Dans « Ok Coach ! », Alice, ce qu’elle aimerait partager avec les autres européens c’est l’obligation de l’égalité des salaires femmes-hommes. Un vrai sujet !

Cette égalité salariale femmes-hommes, une obligation dans l’UE ?

« A travail égal, salaire égal ». Ce principe d’égalité des salaires entre femmes et hommes figure depuis 1957 dans le traité de Rome, texte fondateur du projet européen. Mais si l’Union européenne (UE) a été précurseur pour accorder la parité salariale en droit, les écarts de salaires persistent dans les faits entre les sexes.

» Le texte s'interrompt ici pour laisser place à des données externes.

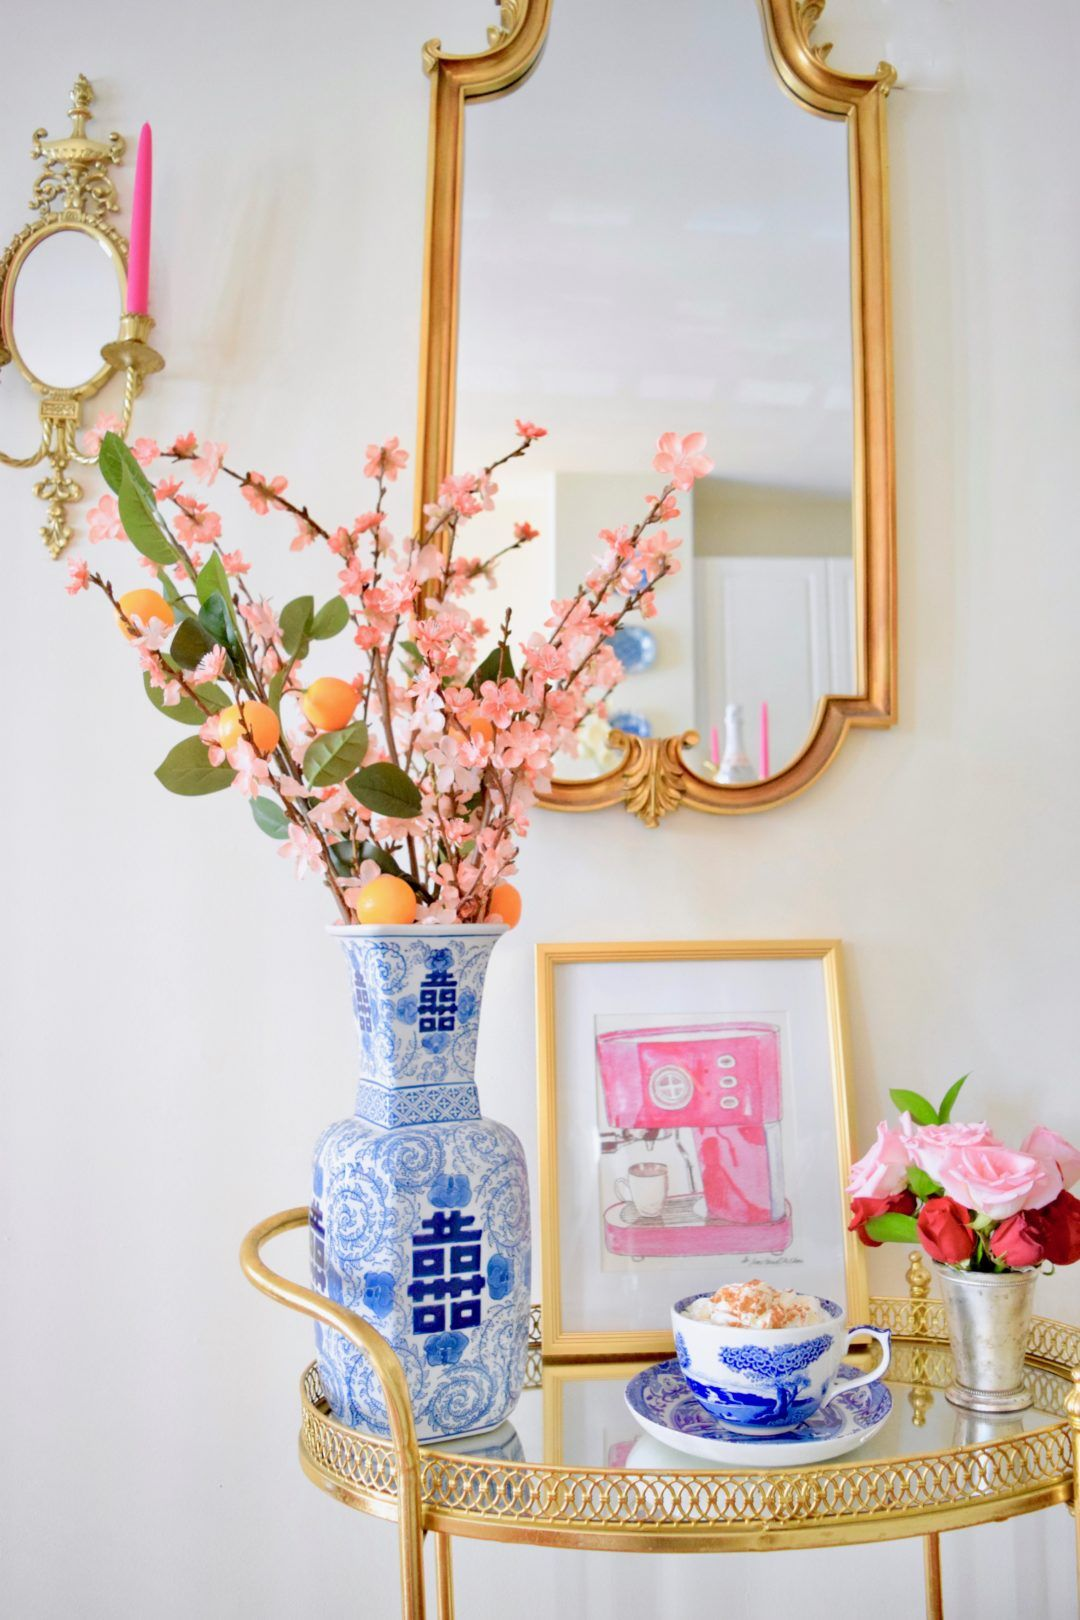 Flowers in Mint Julep Cups in 2020 Mint julep cups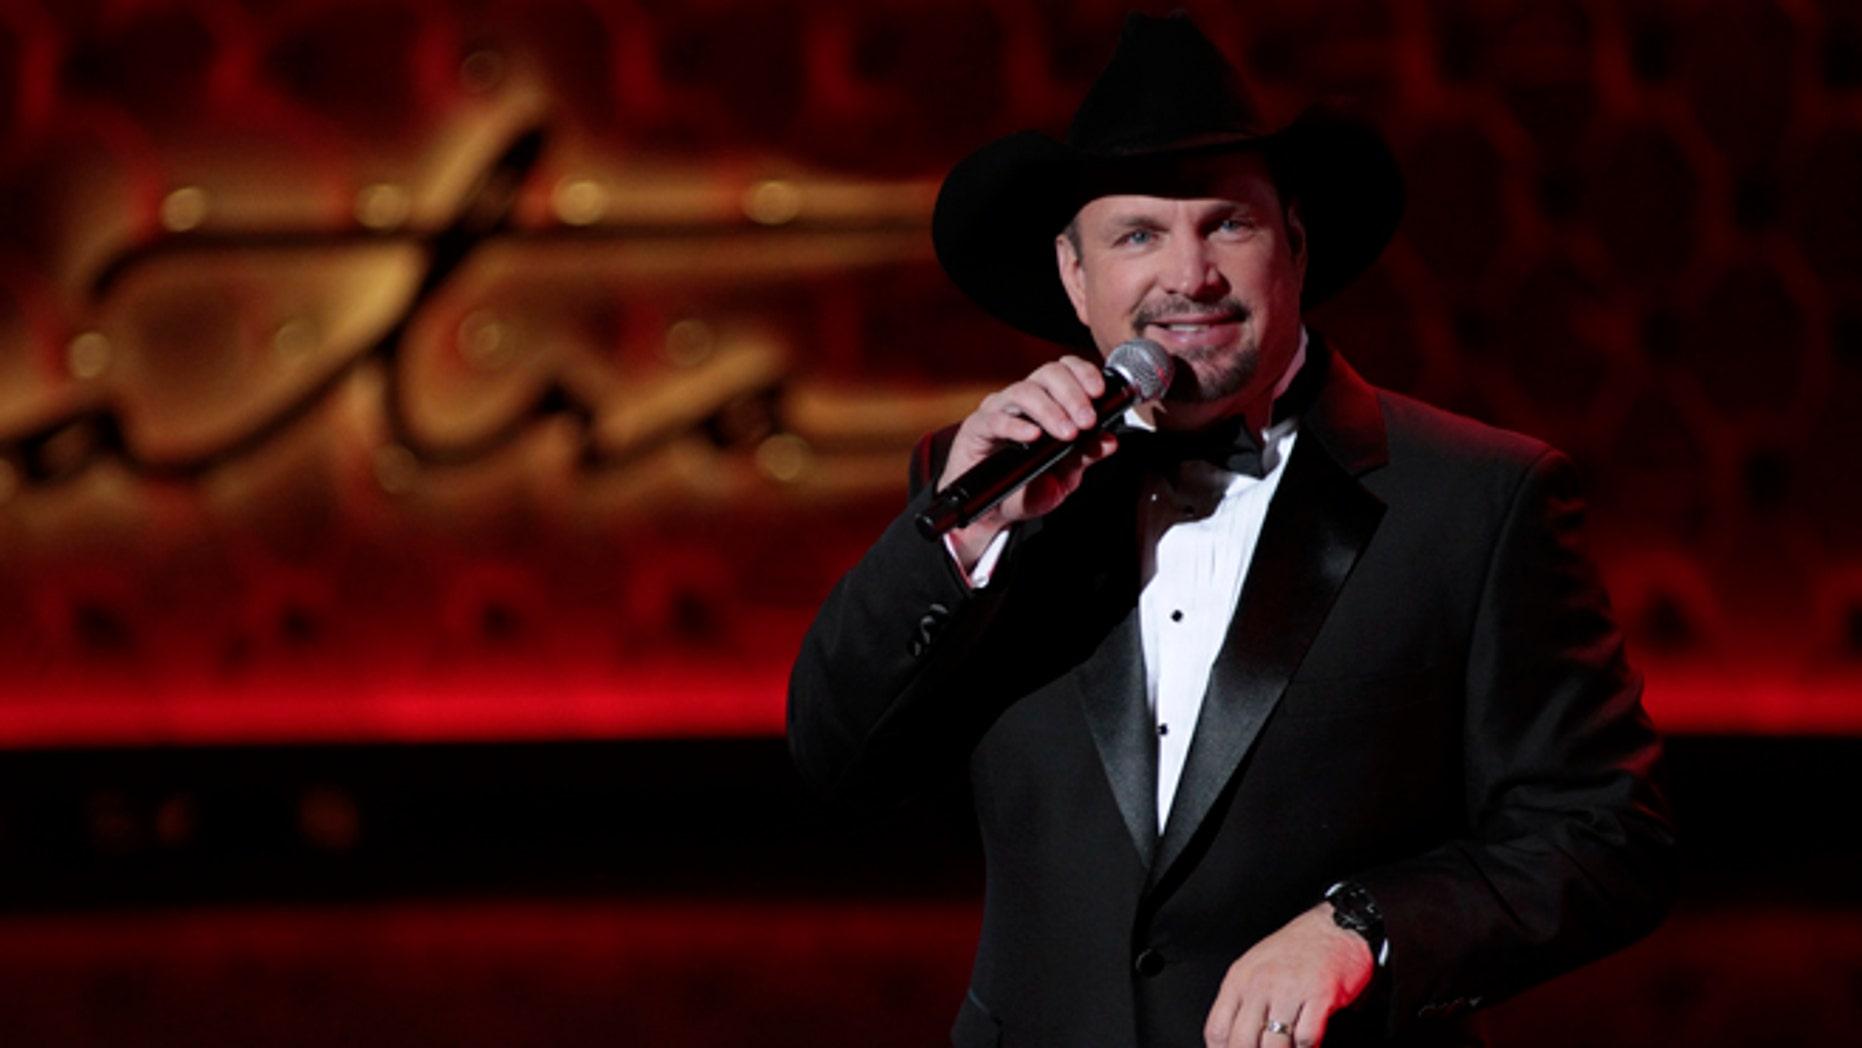 December 2, 2015. Singer Garth Brooks performs during Sinatra 100 - An All-Star Grammy Concert in Las Vegas, Nevada.

« Au sein de l’Union européenne, les femmes gagnent en moyenne 16 % de moins que les hommes », fait remarquer Véra Jourova, commissaire européenne pour la justice, les consommateurs et l’égalité entre les sexes, dans un rapport daté de 2018. A ce rythme, il faudrait attendre 2084 pour voir les européennes gagner autant que les hommes. De quoi perdre patience !

Pour accélérer le mouvement, un seul pays au monde a rendu obligatoire la parité des salaires, et il n’est pas membre de l’Union européenne. En Islande, depuis le 1er janvier 2018, les entreprises et les agences gouvernementales qui emploient au minimum 25 salariés doivent prouver qu’un homme et une femme gagnent autant au même poste et à performances égales. Les employeurs se voient alors délivrer un certificat valable trois ans. S’ils ne respectent pas ce principe, ils sont sanctionnés financièrement.

Vers plus de transparence

Au sein de l’UE, une telle obligation n’est pas à l’ordre du jour. La Commission européenne, présidée par Jean-Claude Juncker, a bien fait de la parité un engagement stratégique de son mandat, et adopté en 2017 un plan d’action visant à s’attaquer aux inégalités salariales. Mais l’institution dispose de peu de marge de manœuvre pour contraindre des Etats divisés sur le sujet à faire respecter ce principe, car ceux-ci restent souverains en matière sociale. Donc incitation à l’égalité oui, mais obligation c’est selon chacun.

Des mesures visant à plus de transparence salariale tendent néanmoins à s’imposer dans plusieurs pays de l’UE. Comme en Allemagne, où les députés ont adopté en 2017 une loi obligeant les grandes entreprises à rendre public leurs écarts de salaires. Une employée allemande dans une entreprise de plus de 200 salariés peut désormais demander le niveau de salaire de ses collègues masculins occupant les mêmes fonctions, et, ce faisant, renégocier le sien.

Des mesures similaires ont été mises en place au Danemark et au Royaume-Uni. La France leur emboîte le pas : à compter du 1er mars 2019, les entreprises de plus 1000 salariés devront publier leurs rémunérations en prenant en compte cinq critères : suppression des écarts de salaire, égale probabilité d’avoir une augmentation, mêmes chances d’obtenir une promotion, rattrapage salarial pour les salariées de retour de congé maternité, part de femmes parmi les plus hautes rémunérations. Si les résultats ne sont pas concluants, les entreprises auront trois ans pour se mettre en conformité, sous peine d’être sanctionnées jusqu’à 1% de la masse salariale c’est à dire 1 % des salaires bruts de l’entreprise.